Monday, 26 March 2007

Interesting Solutions to SICP Chapter 1

I have started working through SICP chapter 1, using the Dr Scheme interactive environment. I will post my more interesting solutions and comments.

Ken Dyck gives a more complete solution set.

Comment: Rather than finding the larger two explicitly, I find the smallest and use a simple mathematical identity.

My solutions:

Exercise 1.3. Define a procedure that takes three numbers as arguments and returns the sum of the squares of the two larger numbers.

(define (f a b c)
(define (lt a b) (if (> a b) b a))
(define (least a b c) (lt a (lt b c)))
(define (square x) (* x x))

(+ (square a)
(square b)
(square c)
(- (square (least a b c)))))
Comment: Rather than finding the larger two explicitly, I find the smallest and use a simple mathematical identity.

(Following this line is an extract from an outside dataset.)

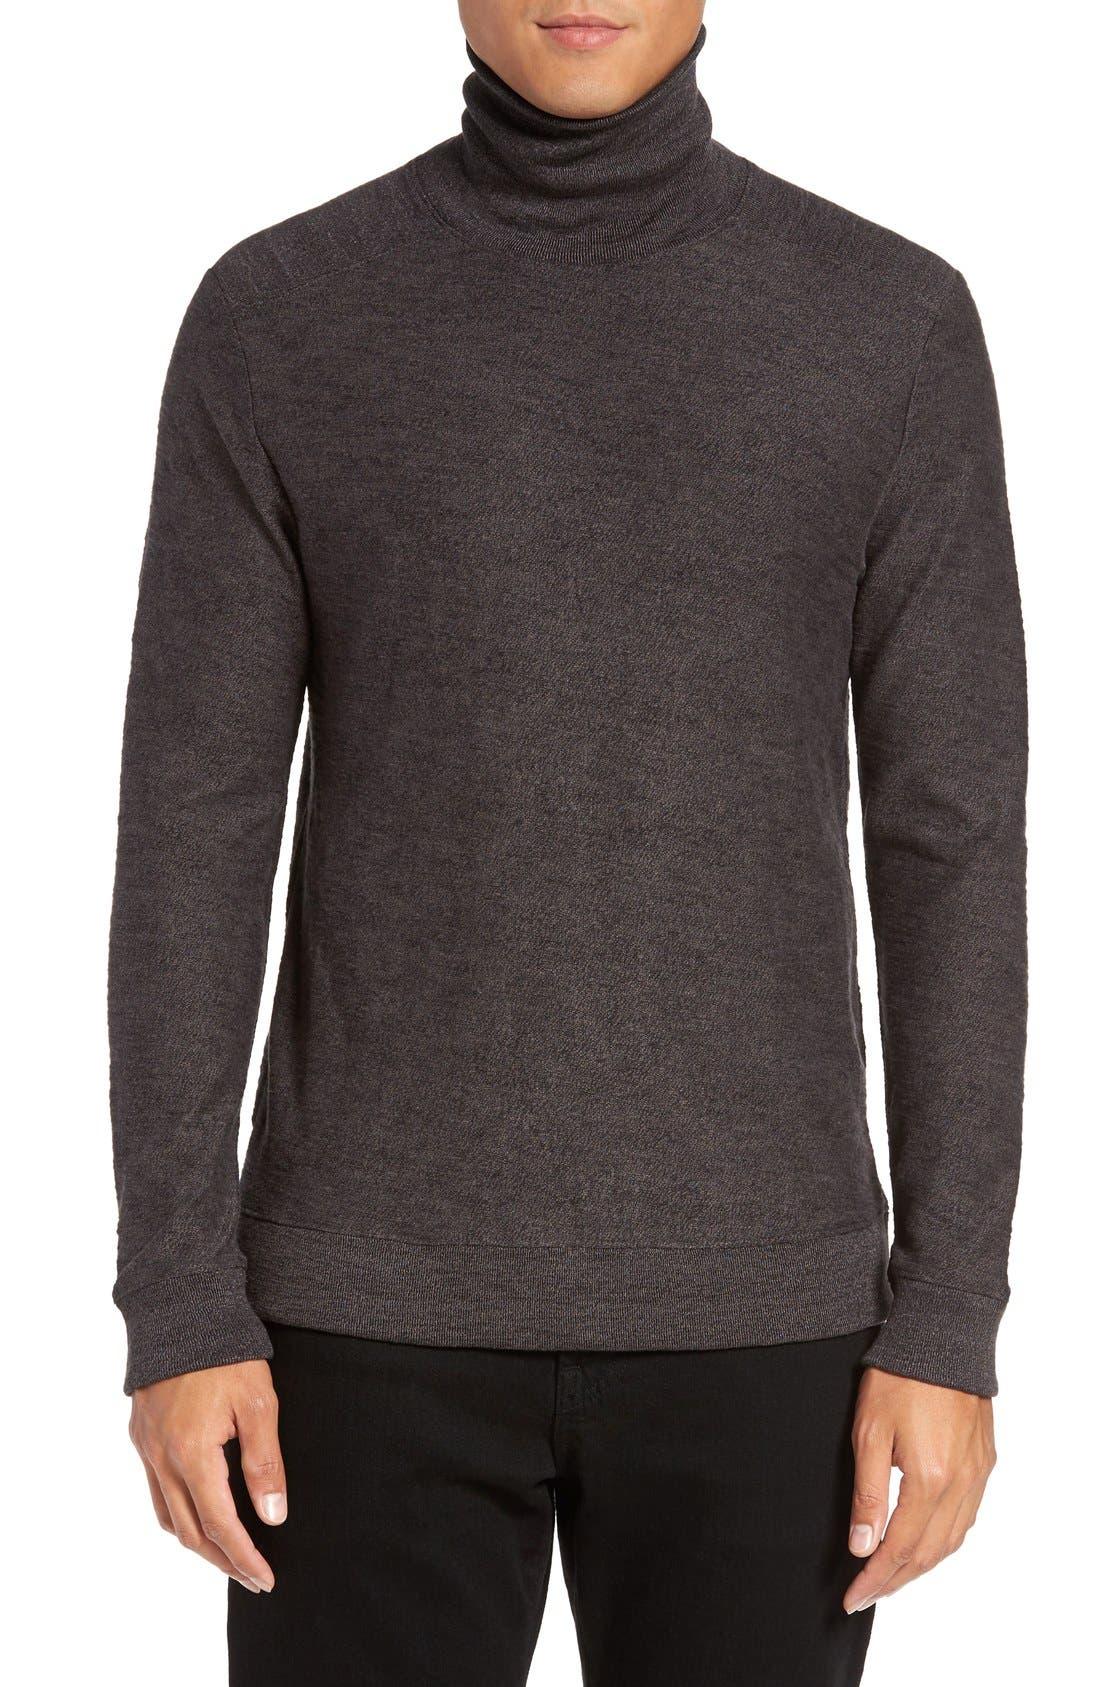 Turtleneck Sweater,                             Main thumbnail 1, color,                             034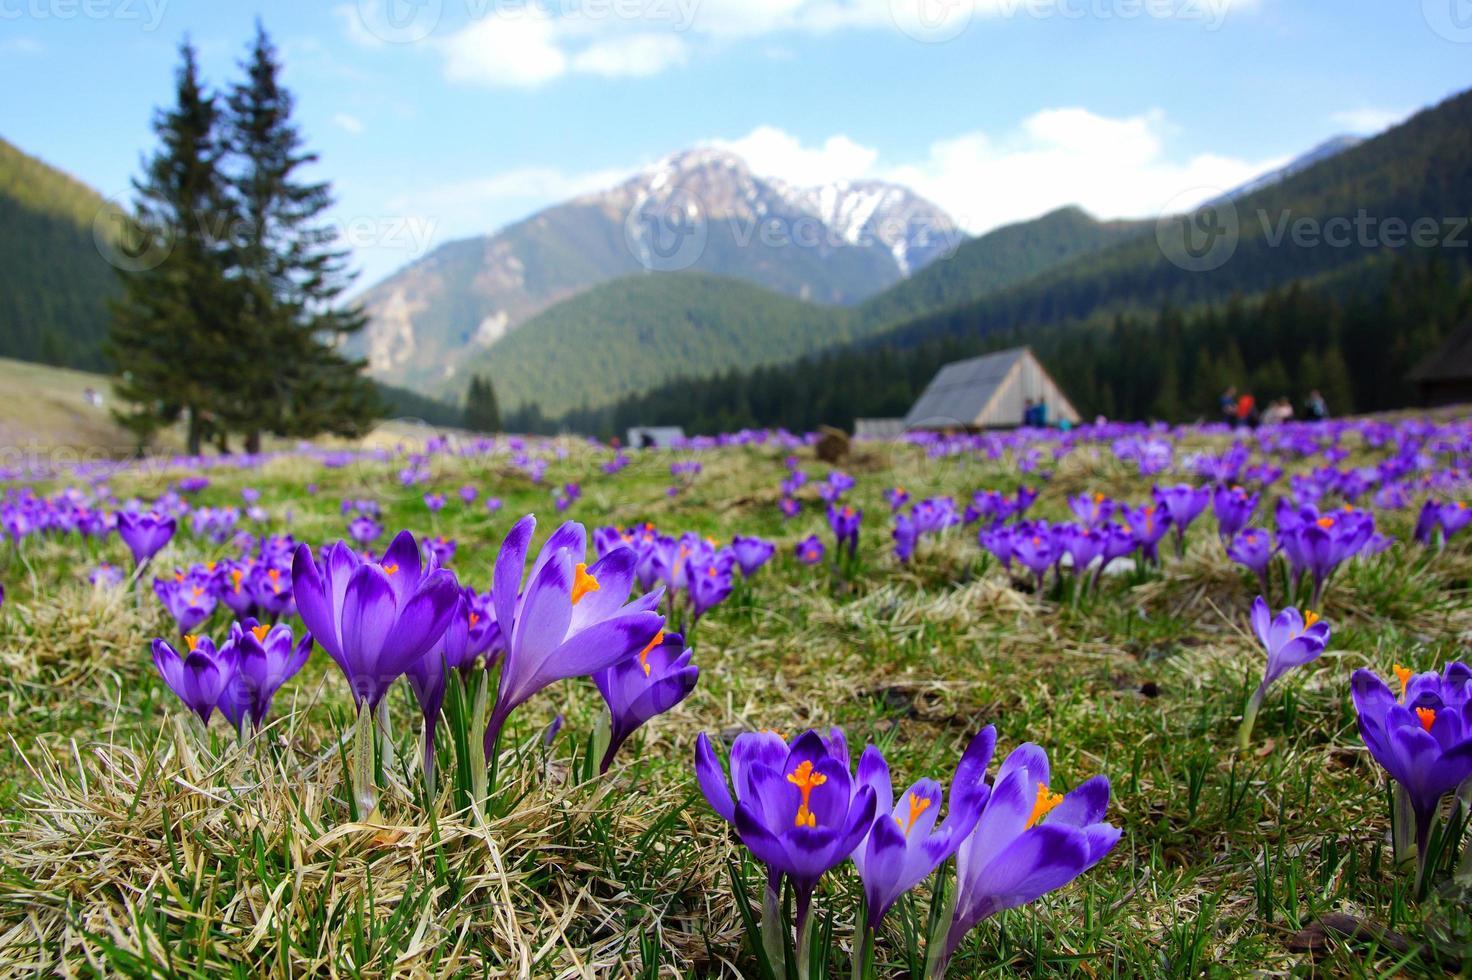 krokusar i chocholowska dalen, Tatrabergen, Polen foto

Exercises 1.17 & 1.18: Devise recursive and iterative algorithms for multiplication that take a logarithmic number of steps.
(define (mul-recursive a b)
(cond ((= b 0) 0)
((even? b) (mul-recursive (double a) (halve b)))
(else (+ a (mul-recursive a (- b 1))))))

(define(* a b)
(define (mul-iterative r a b)
(cond ((= b 0) r)
((even? b) (mul-iterative r (double a) (halve b)))
(else (mul-iterative (+ r a) a (- b 1)))))

(mul-iterative 0 a b))
Comments: Observe how similar the two solutions are. The iterative solution is especially easy to follow if you expand out an example.

3 comments:

Ken Dyck said...

Clever! I would never have thought of solving it that way.

Thanks for sharing your solution.

Daniel Prager said...

Thanks Ken.

(Perils of a mathematical education.)

And thank-you for making your solutions available online!

veselov said...

I've also started to share my solutions, together with my friends. We've created SICP wiki, which can be found here:

http://sicp.org.ua

Solutions in Scheme, Haskell and Oberon are available, as long as its discussions and comments.